The book I’ve quoted out of above is on my book list on this site if you are keen. I would highly recommend it as an interesting and educational read!
I’d love to see some comments/feedback on some of the issues I’ve raised in this posting! Comment away!
Honestly, I don’t think cross-dressing and going out in public is “scening” in public. I think at some point even the most vanilla right wing bible thumpers have to suck it up and let people be who they are. I think there’s a big difference between cross-dressing in public and getting flogged over the bar at Joey Tomatoes during happy hour on a Friday.

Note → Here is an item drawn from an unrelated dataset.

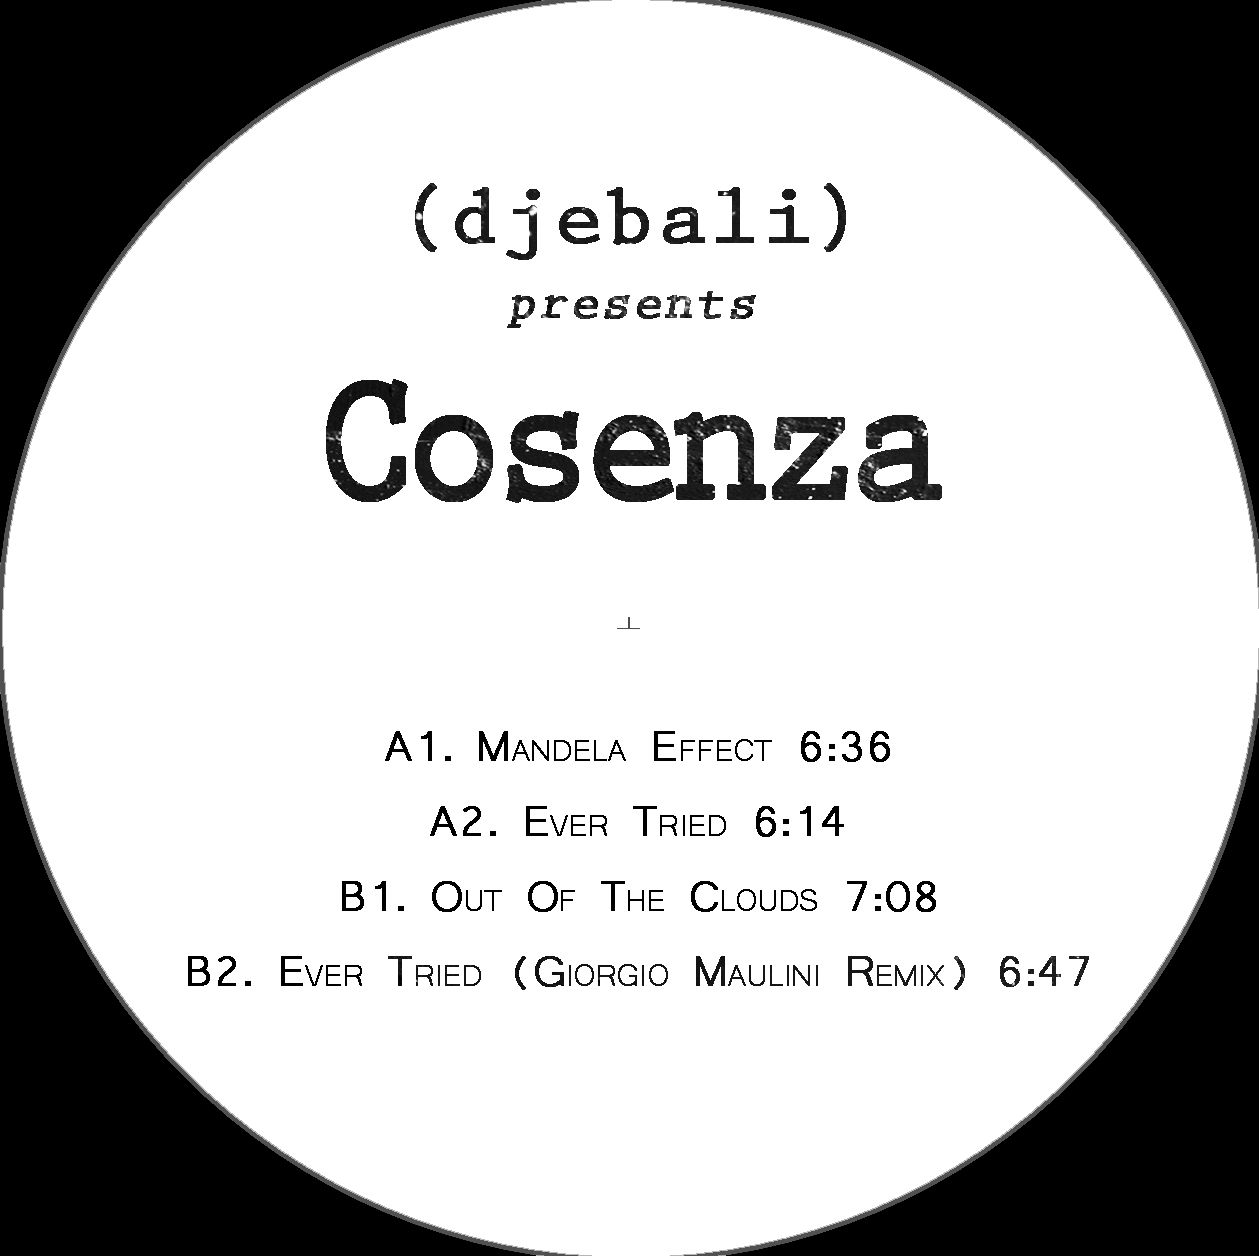 Cosenza - EP Giorgio Maulini remix

I remember about 20 years ago when I kissed my (then) girlfriend goodbye on a fairly busy street corner. It was an impromptu moment that couples have everyday and why should we have been any different. It raised a few eyebrows and we pondered how safe/smart it was to do that. It’s one thing to not want to offend people but it’s another when you have to compromise all the time.
I think the s/m community, particularly the straight s/m community, is where the gay community was about 20 years ago in terms of public lifestyle statements.
As for safety issues, I agree with you and Midori. It is anticeptic on all sorts of levels. Sure we don’t want people getting third degree burns from fire play gone rotten but a wrapped flogger likely won’t kill you… it might hurt like a mutha but you’ll live. Like with most other aspects of life, growth comes with a few mistakes along the way. Hence RACK. It makes far more sense to me.
Thanks for the food for thought.
m.
Thanks for your note.
I totally agree with the cross-dressing/scening observation; I was just playing devil’s advocate and taking “the letter of the law” to see what kind of reaction I could provoke.
Your other observations are pretty spot on in my view too! Mistakes will be made, do take some safety precations but it’s not the be-all-end-all of a scene.